-- WORK ITEM --
The answer should hold every line of the listing, unchanged and free of images.

-- THE DATA --
********************
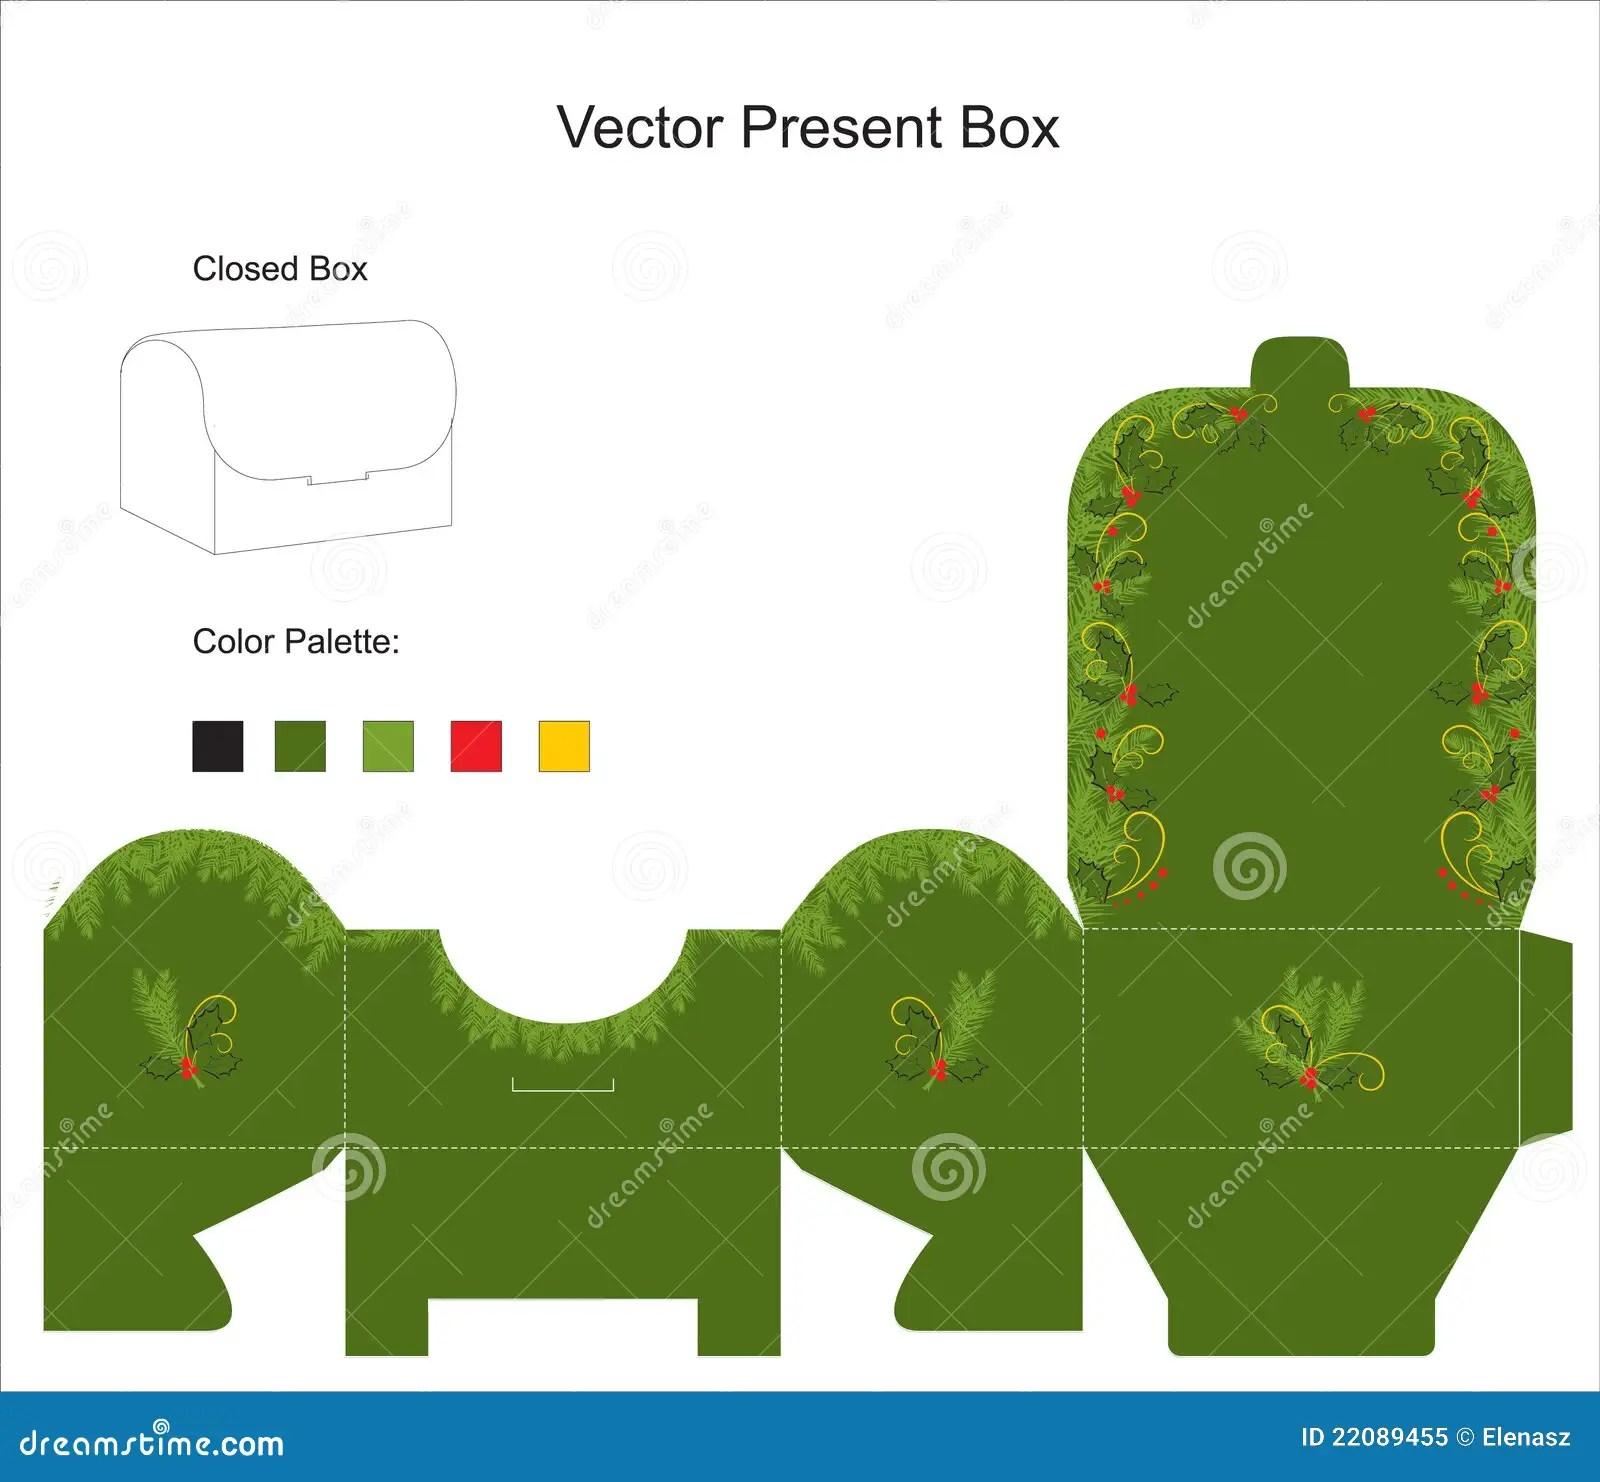 wallpapers Box Design Templates Free Download dreamstime com
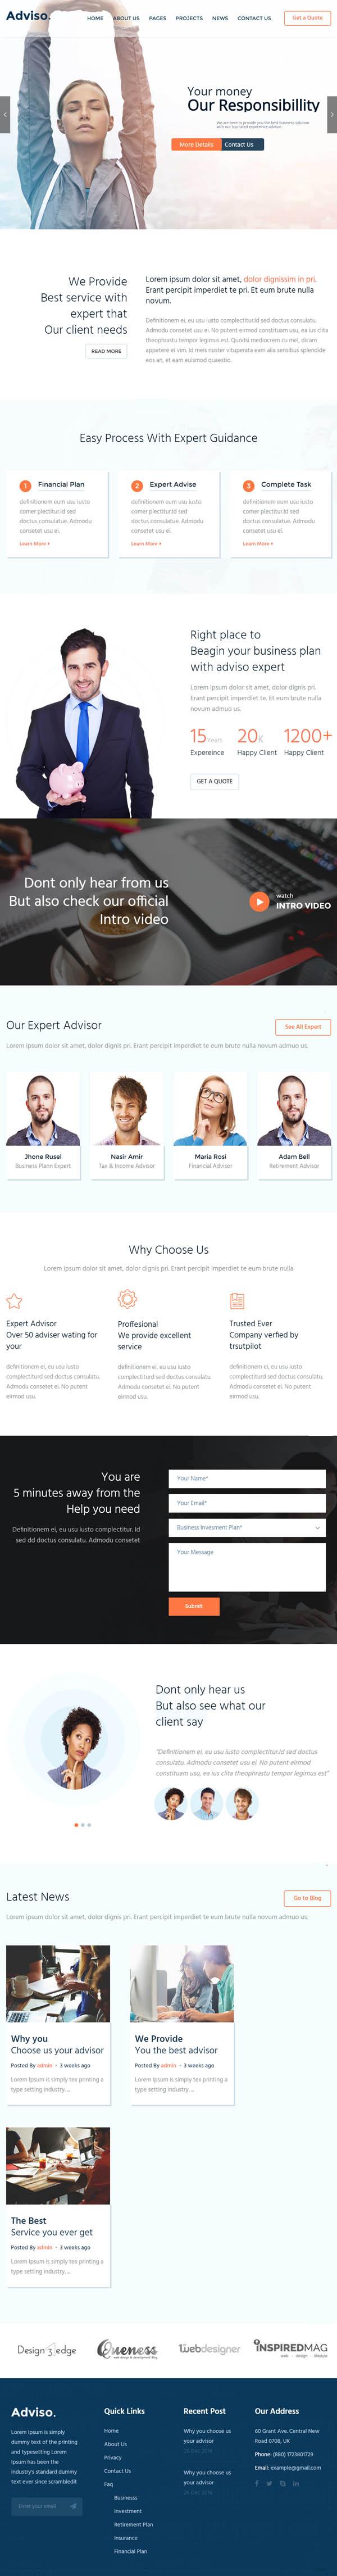 Adviso – Finance, Consulting, Business WordPress Theme
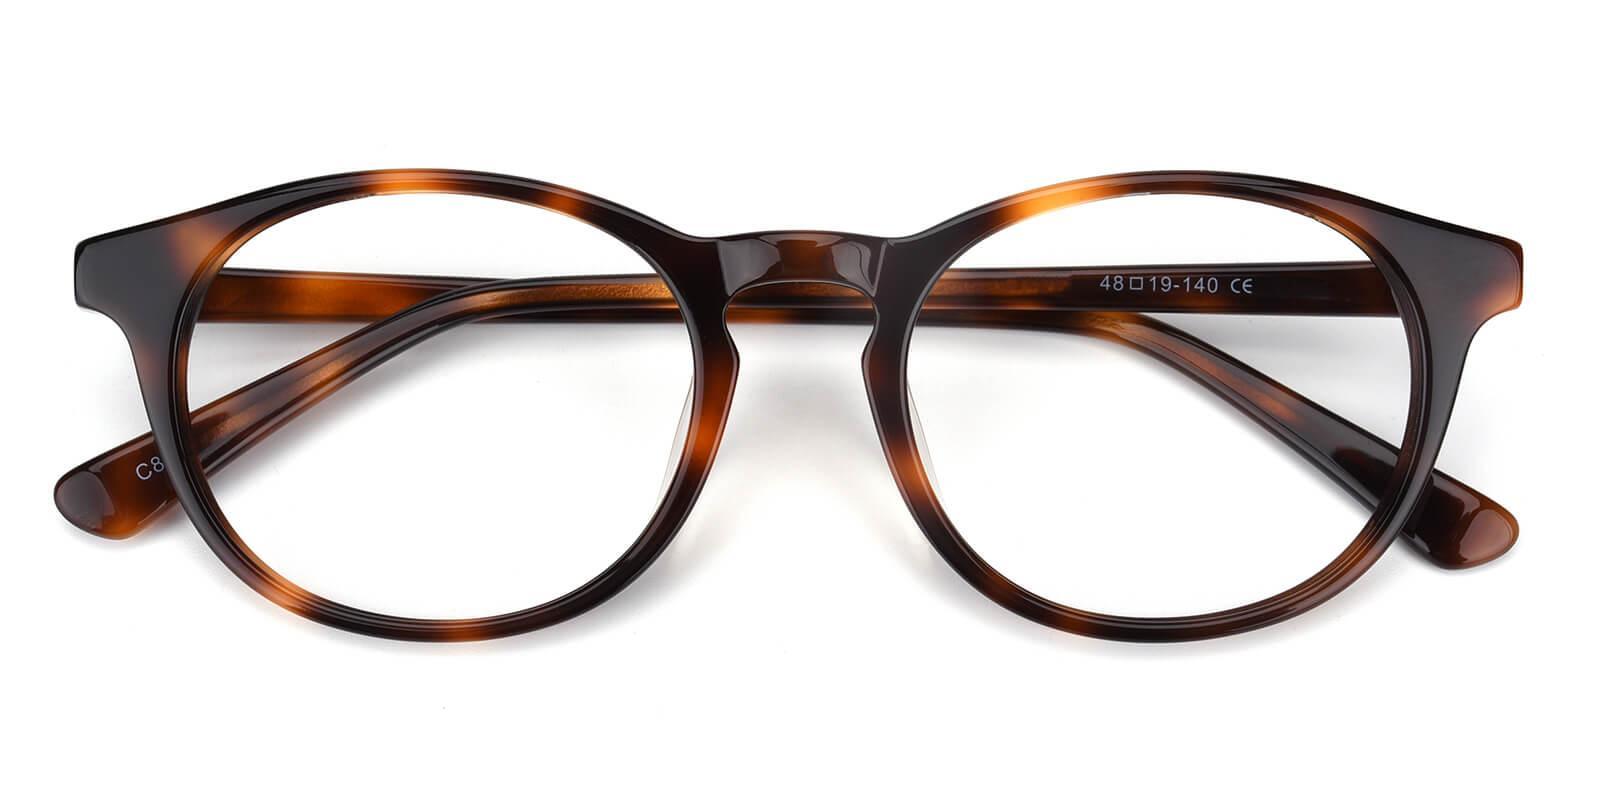 Concept-Tortoise-Oval-Acetate-Eyeglasses-detail
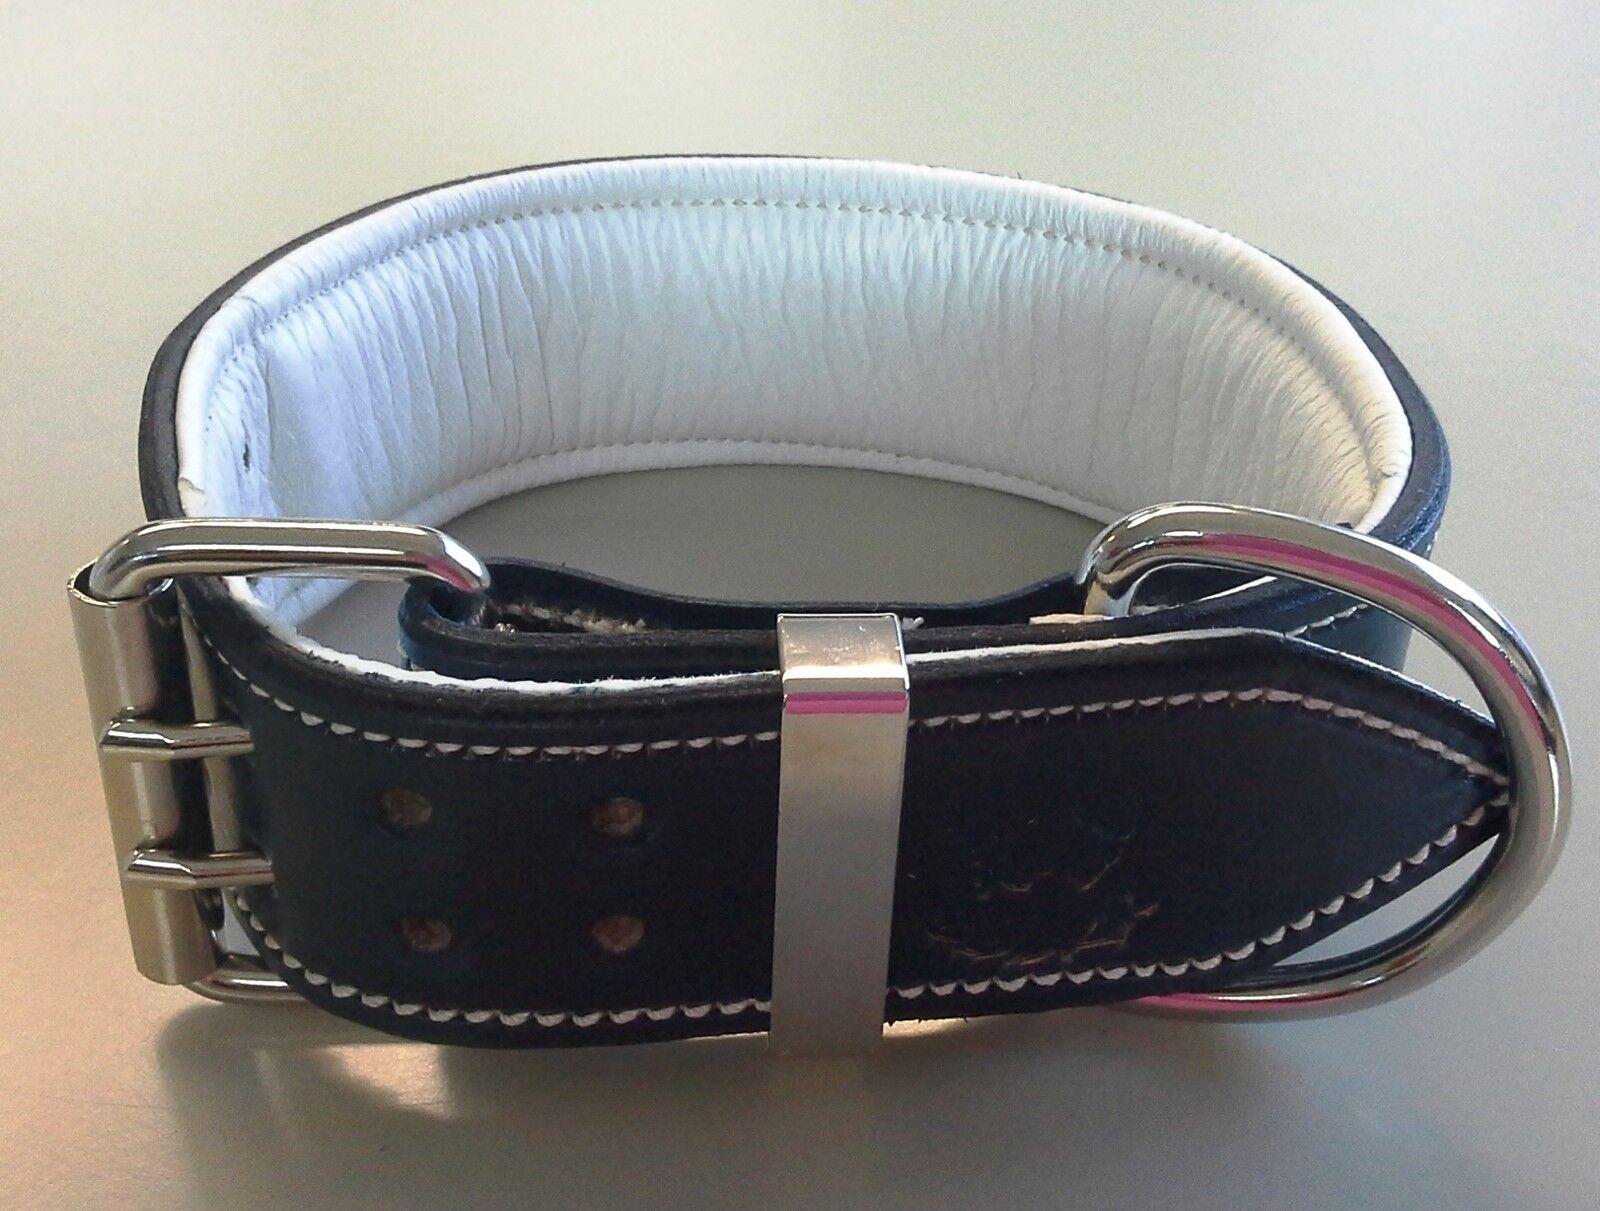 XX-Large Navy Blau Leather Dog Collar with Soft Weiß Weiß Weiß Leather Inner Lining 309030
********************
-- RESULT OF THIS TASK --
 wallpapers Box Design Templates Free Download dreamstime com
 Adviso – Finance, Consulting, Business WordPress Theme
 Concept-Tortoise-Oval-Acetate-Eyeglasses-detail
 XX-Large Navy Blau Leather Dog Collar with Soft Weiß Weiß Weiß Leather Inner Lining 309030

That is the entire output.